Conclusion: Embracing the new normal

Considering the unprecedented times that we are in today, it is inspiriting to see RBI taking steps to these issues at war footing. We believe these measures to pump in the required liquidity, bring about sufficient credit flow and extend its hand to provide flexibility in practicing regulatory forbearance. Banks embracing technologies like RPA allow customers to quickly transact or operate their account without having to wait for physical approval. Also, operating with agile methodology means supporting customers at any point during crisis by responding to their redefined expectations, currently, via digital channels.
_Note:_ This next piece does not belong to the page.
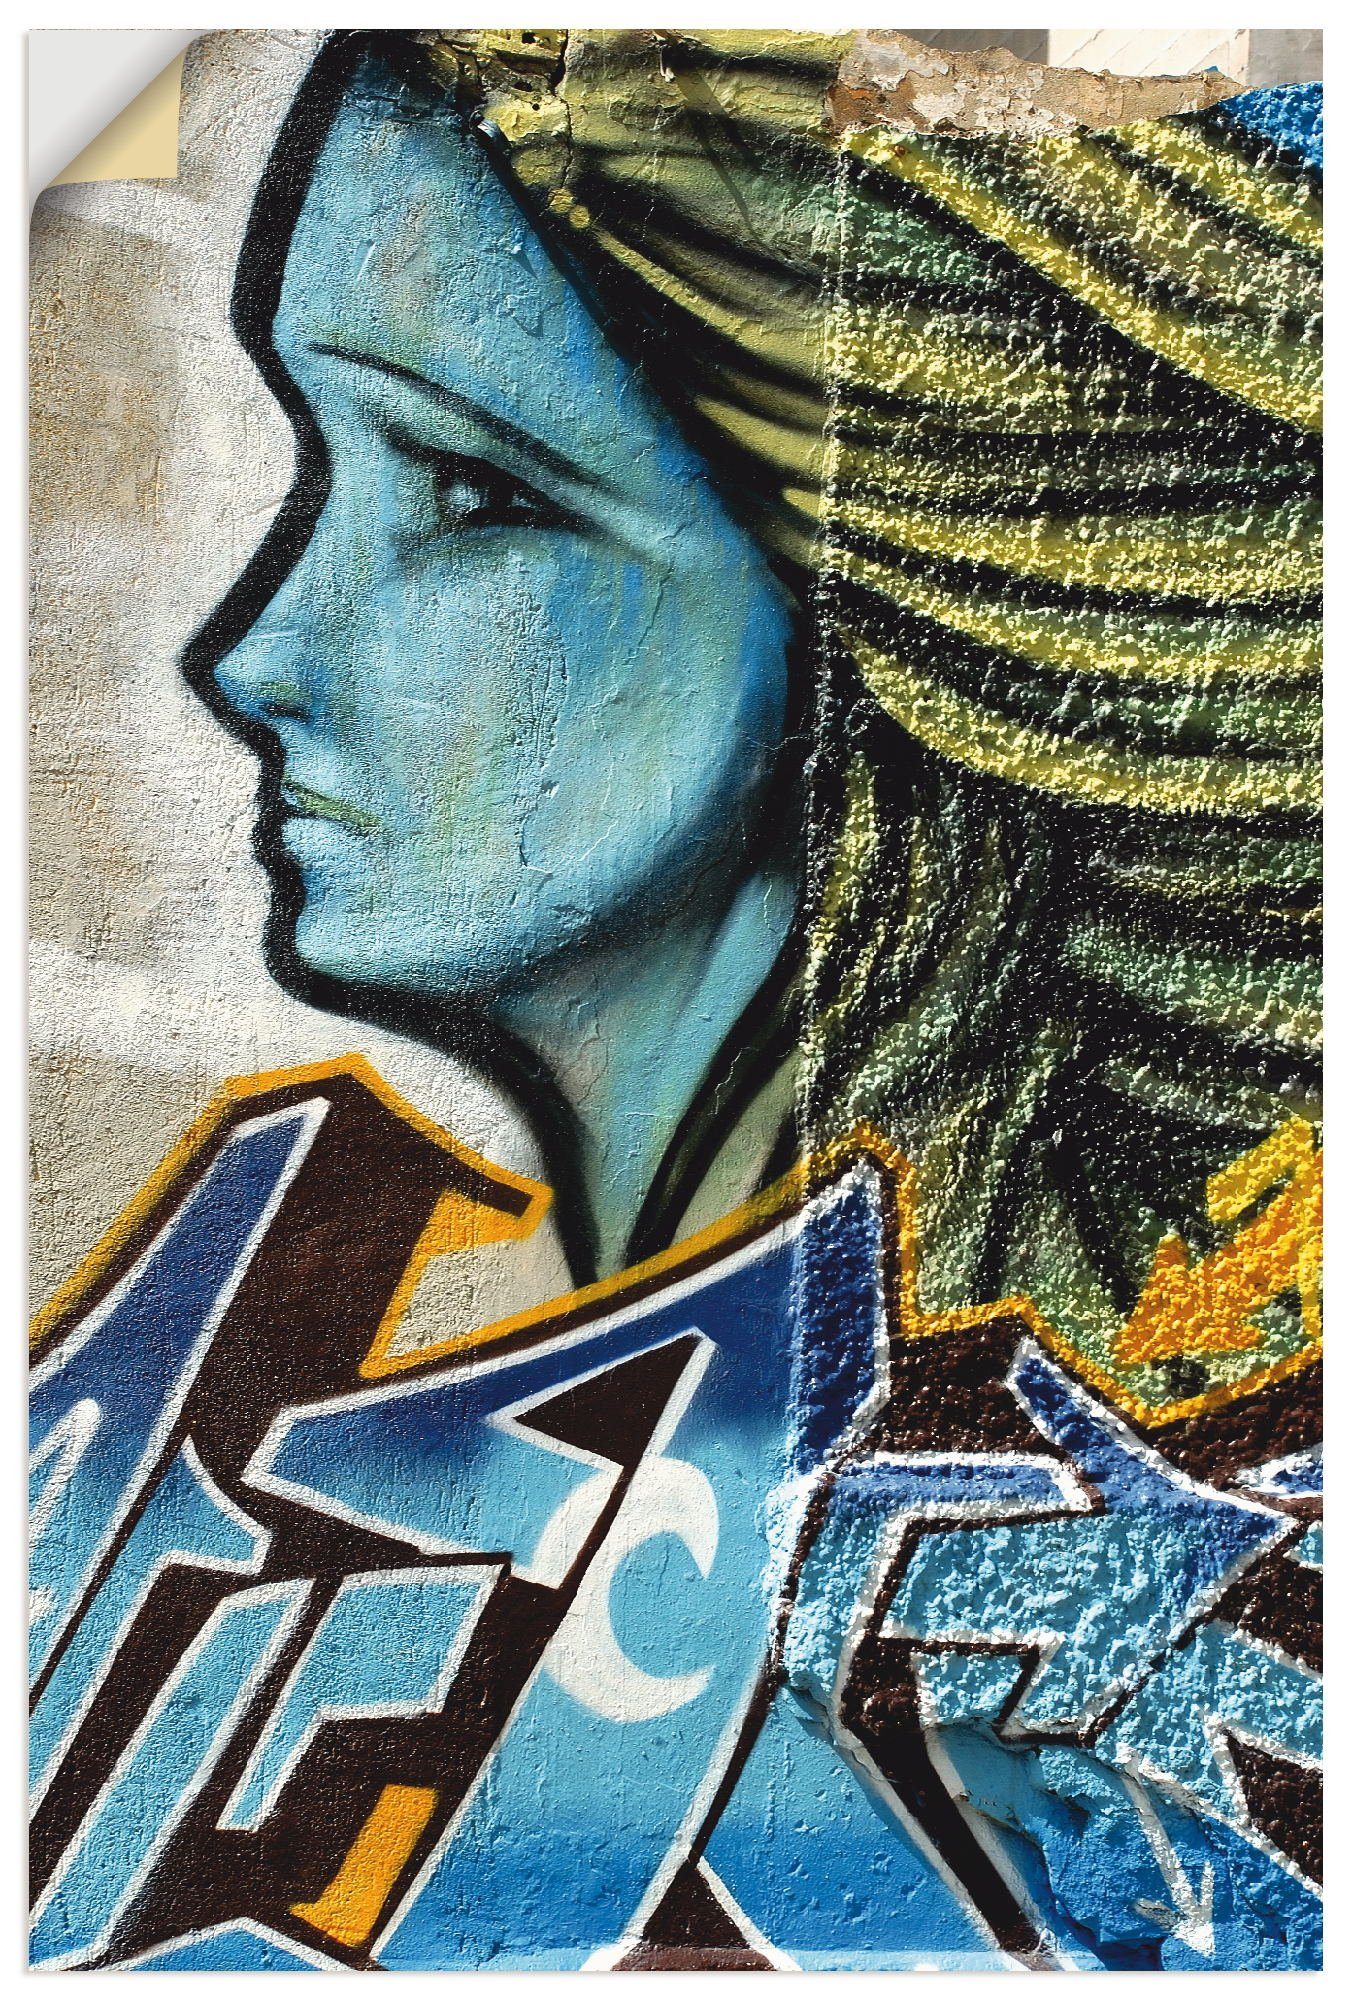 Artland Artprint Graffiti - vrouw in blauw in vele afmetingen & productsoorten - artprint van aluminium / artprint voor buiten, artprint op linnen, poster, muursticker / wandfolie

From being a just a support system, technology will now take the frontline in banking sector. Automation will rule over the banking ecosystem and the digital tools will become inevitable pertinent in banking and finance sectors and shall outlast the pandemic. People and businesses will now perceive this as the new normal of the future.

Views expressed in the article are the personal opinion of Mahalakshmi Santaram, Head of Client Engagement Solutions and Management, Banking and Financial Services, Aspire Systems.